Here we are stranded
Somehow it seems the same
Beware, here comes the quiet life again(Japan, “Quiet life”, 1979)
Wojciech Bąkowski’s seventh solo exhibition at the Stereo features a selection of the artist’s most recent works, expanded by a video from 2011.
For the past several years, Bąkowski has been developing his own technique of drawing with charcoal on sanded cardboard. The resulting grainy depictions evoke underexposed views of cityscapes and household appliances in semi-darkness, as well as low-resolution video recordings. The artist himself traces the origins of his own aesthetic to the 1980s, particularly to the quality of VHS recordings from that period. Bąkowski’s work is almost entirely retrospective: he is interested in memory and perception, and is fascinated by the provisional and accidental nature of their construction. Hence the simple means, basic materials and home-made quality.
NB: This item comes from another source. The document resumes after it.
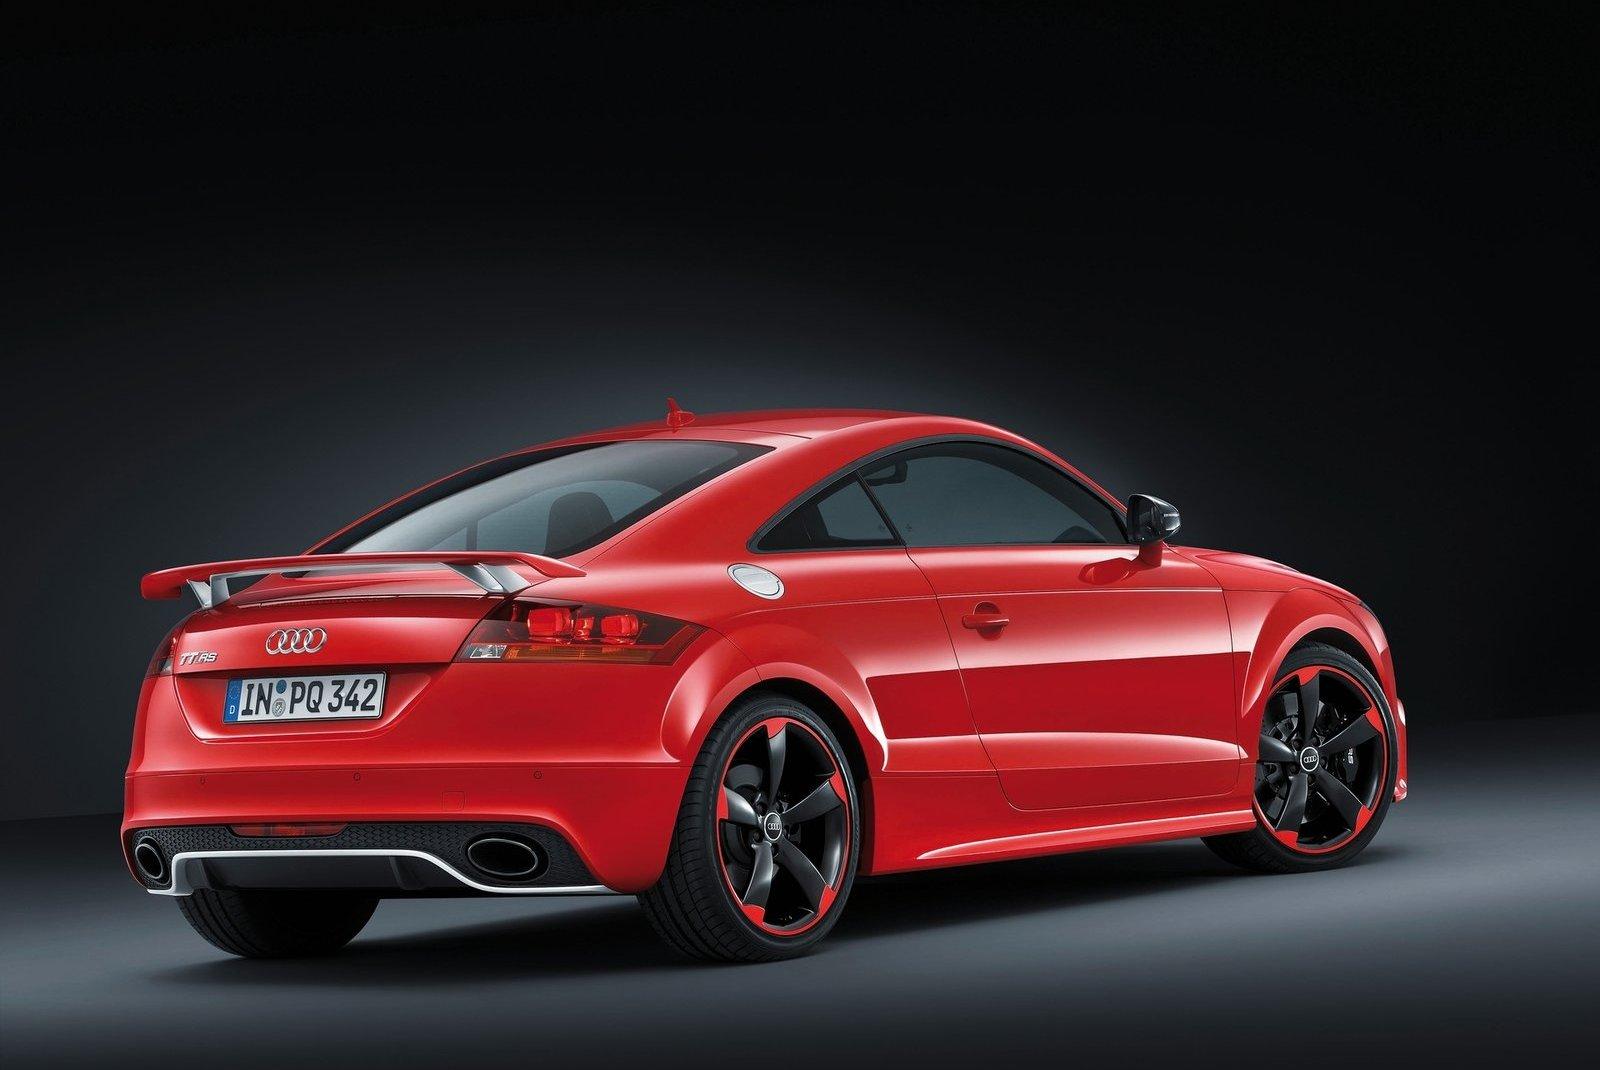 Audi TT RS Plus 7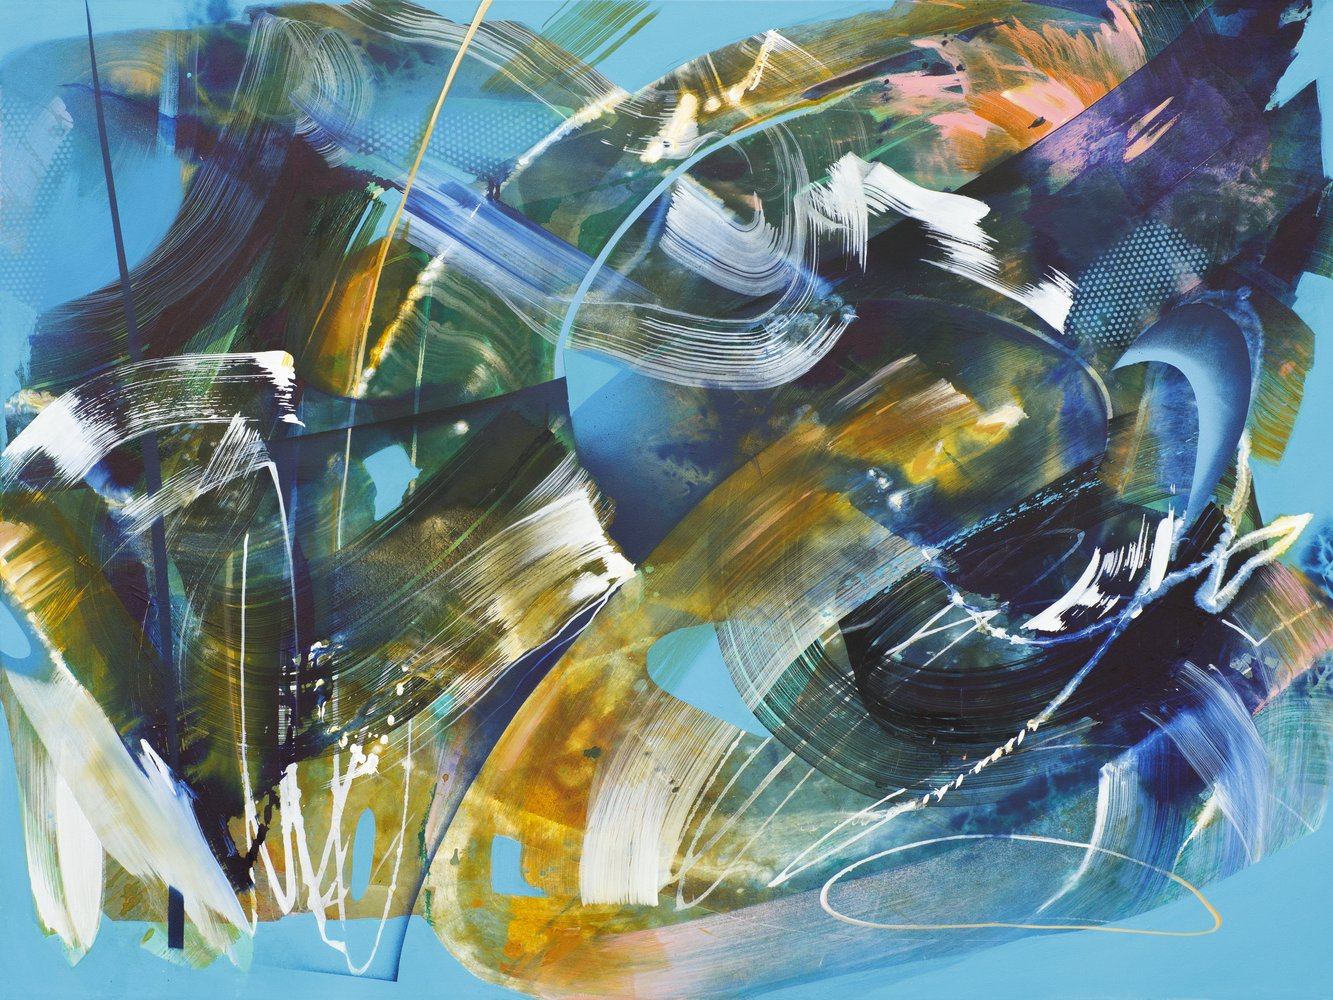 Julia Benz | Storm, acrylic, spraypaint on canvas, 120 x 160 cm, 2021

Despite their idiosyncratic foundations, Bąkowski’s works are communicative and open – the artist leads us through the corridors and rooms of his own inner life, searching for similarities and understanding. It is a friendly encounter. Intriguing in this context is the video work Exercises for true friends (2011), constructed from stop-motion and digitally animated elements along with an experimental soundtrack, consisting of a sequence of scenes – tests of attention and patience and, ultimately, a sense of humour. Bąkowski dedicates his work to the audience (the key preposition ‘for’), but its title is formulated as if the final results of the ‘exercises’ were also to provide him with information.